The study by Indian and Canadian researchers indicated that malaria kills about 205,000 people in India each year, a figure 200-fold higher than the health ministry’s count, and 18 times the WHO estimate, as reported in The Telegraph today.
A senior WHO official said the methodology of verbal autopsies used by the study to assign the causes of deaths was inappropriate to assess malaria deaths. “(The) WHO has serious doubts about the high estimate of (205,000) malaria deaths in India,” said Nata Menabde, the WHO representative-designate to India.
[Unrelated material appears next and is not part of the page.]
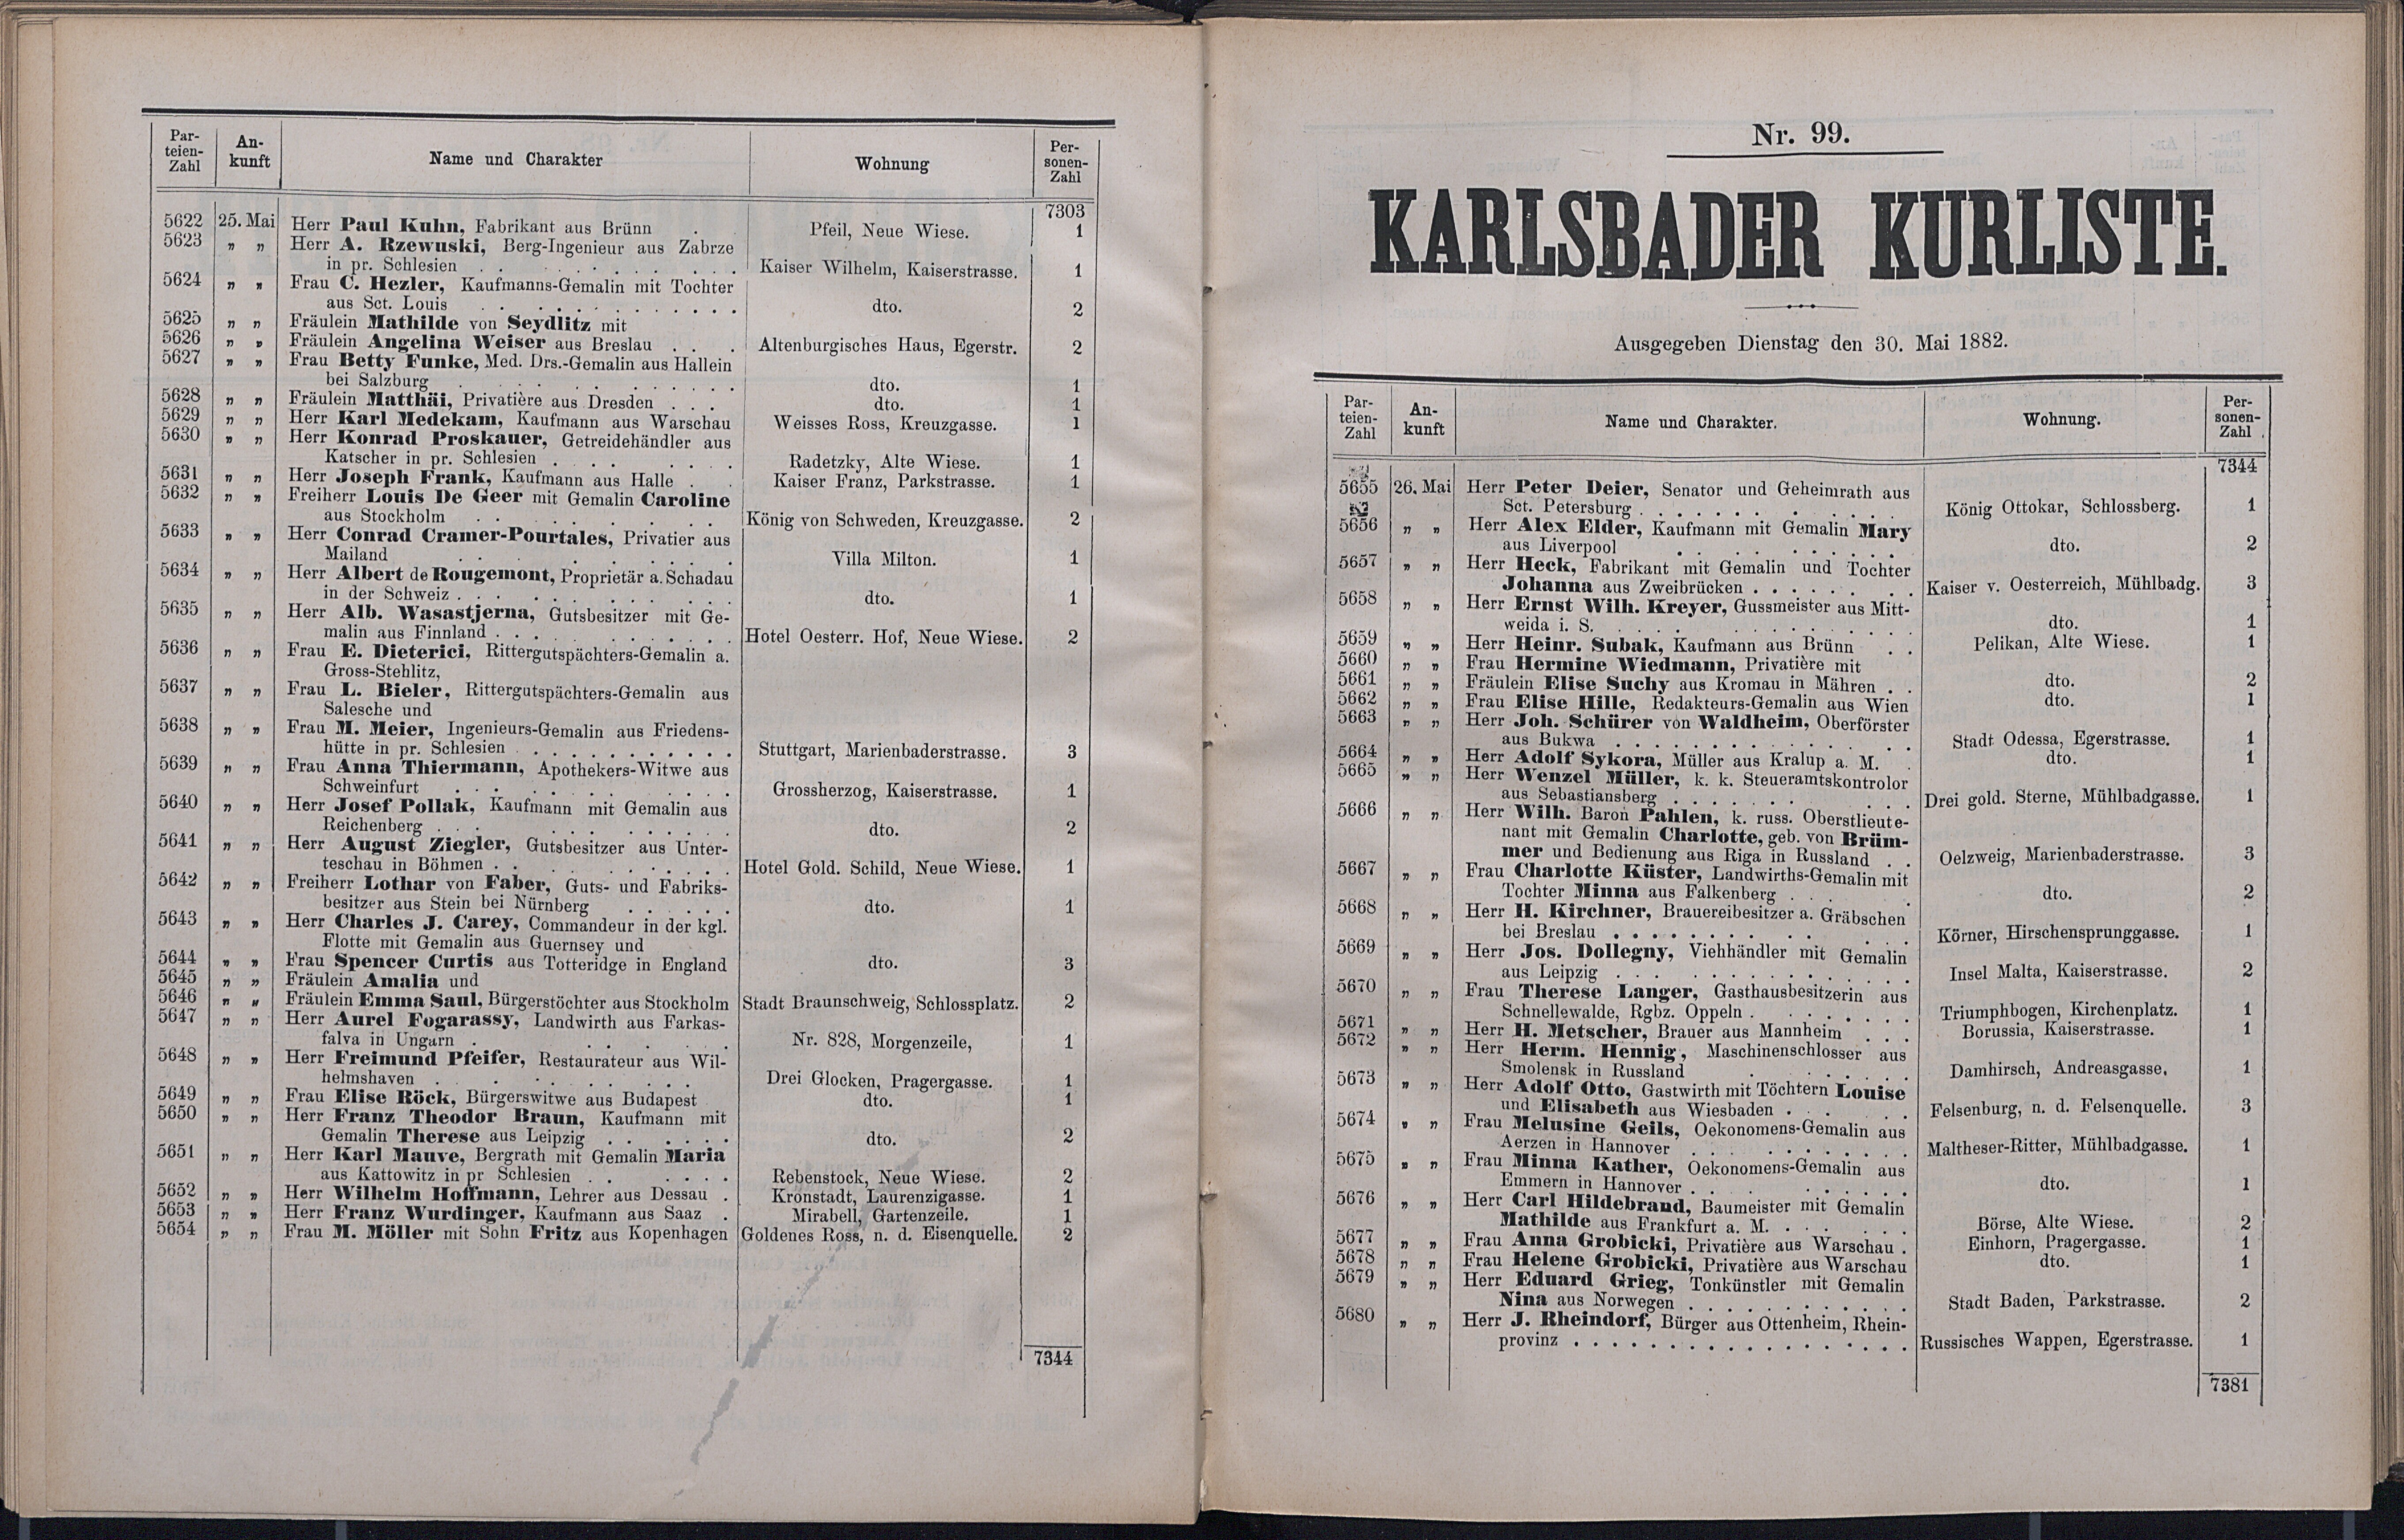 149. soap-kv_knihovna_karlsbader-kurliste-1882_1500

The study authors said such a reaction was expected. “We would expect a natural reluctance to revise numbers based on just one study,” said Prabhat Jha of the University of Toronto, the lead author of the study published today in the journal Lancet.
The WHO has itself in the past hailed the relevance of verbal autopsies. “The reality is that for poor, often rural populations… (the) verbal autopsy for all its shortcomings remains the only practical option for measuring levels and trends in specific causes (of deaths),” a WHO document had said.
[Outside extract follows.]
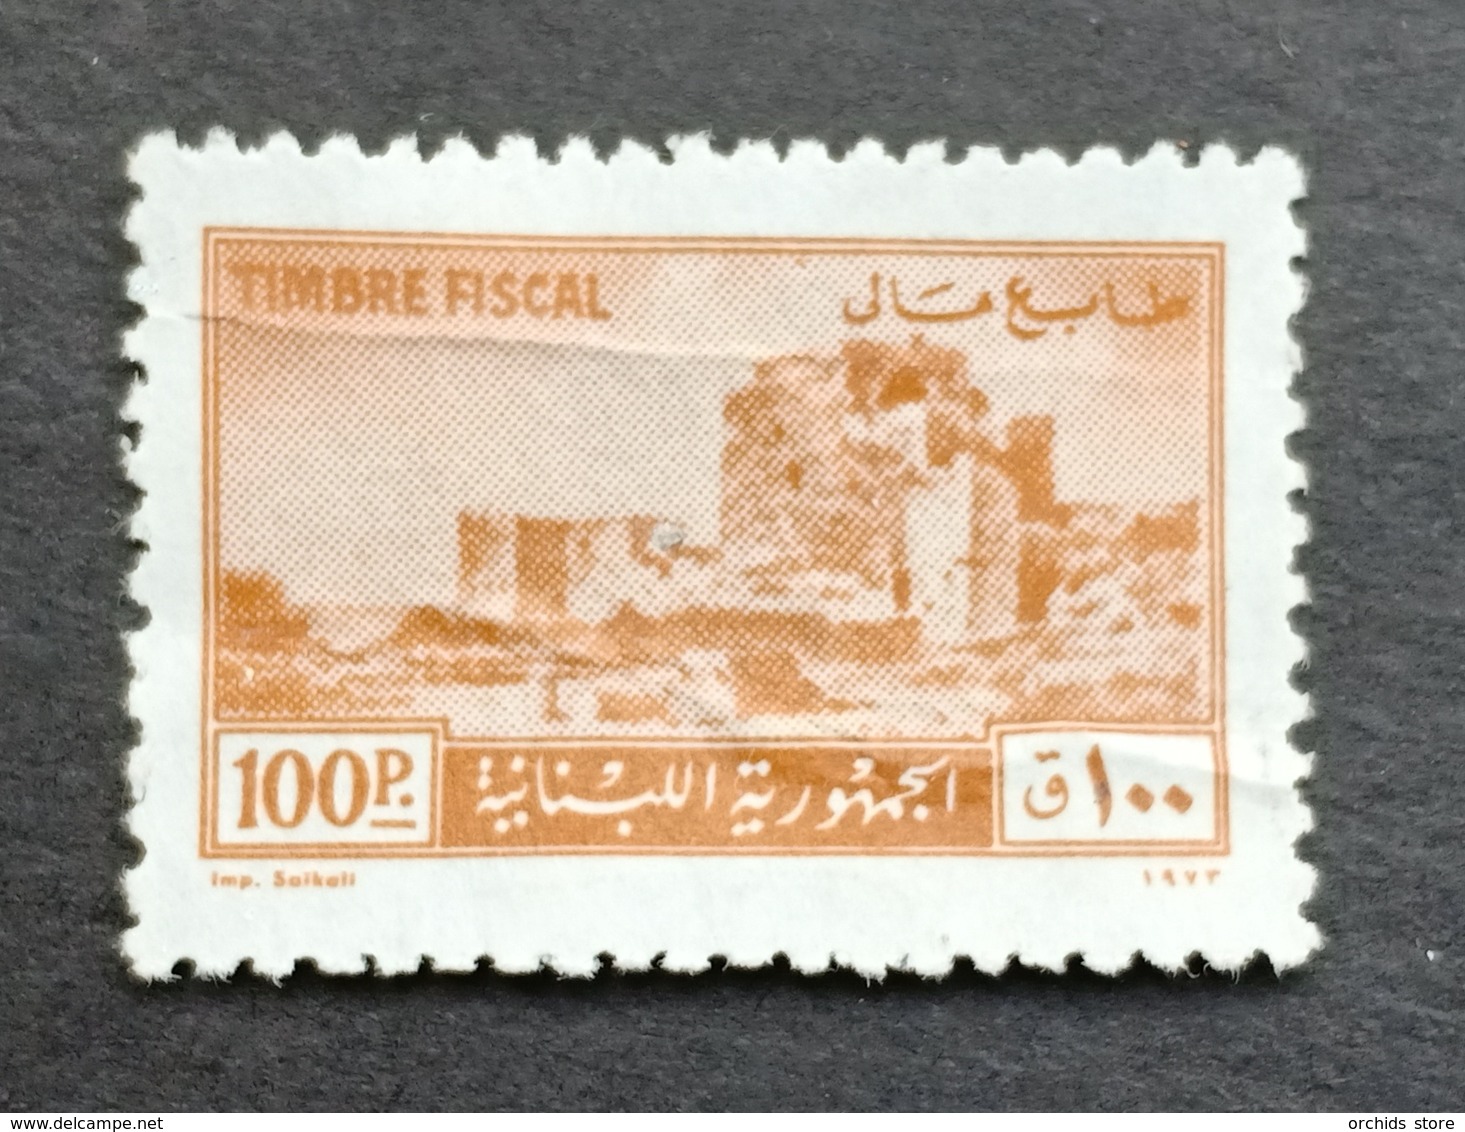 EI - Lebanon 1973 Fiscal Revebue Stamp 100p - Lebanon

In verbal autopsies, fieldworkers question family members of the dead and document the symptoms that obtained in the days or weeks before the deaths. Independent doctors then scrutinise the documents and attribute specific causes to the deaths. The methodology carries the inherent imperfection that family members may unintentionally provide misleading information.
“In this method, deaths due to fever from any cause are likely to be misinterpreted as malaria in areas of high incidence,” said Menabde. “In areas of low malaria incidence, the symptoms are difficult to distinguish and would result in overestimates of malaria deaths.”
But Jha and his colleagues said most of the malaria deaths they had observed did not occur in areas where dengue, meningitis or typhoid — diseases with similar symptoms — were common. The deaths overlapped with areas of high malaria transmission.
Jha said the WHO should use peer-reviewed, scientifically valid data to criticise the study. “But the WHO itself relies on Indian government data to arrive at its estimates,” said study co-author Vinod Sharma, former director of the Malaria Research Centre, New Delhi.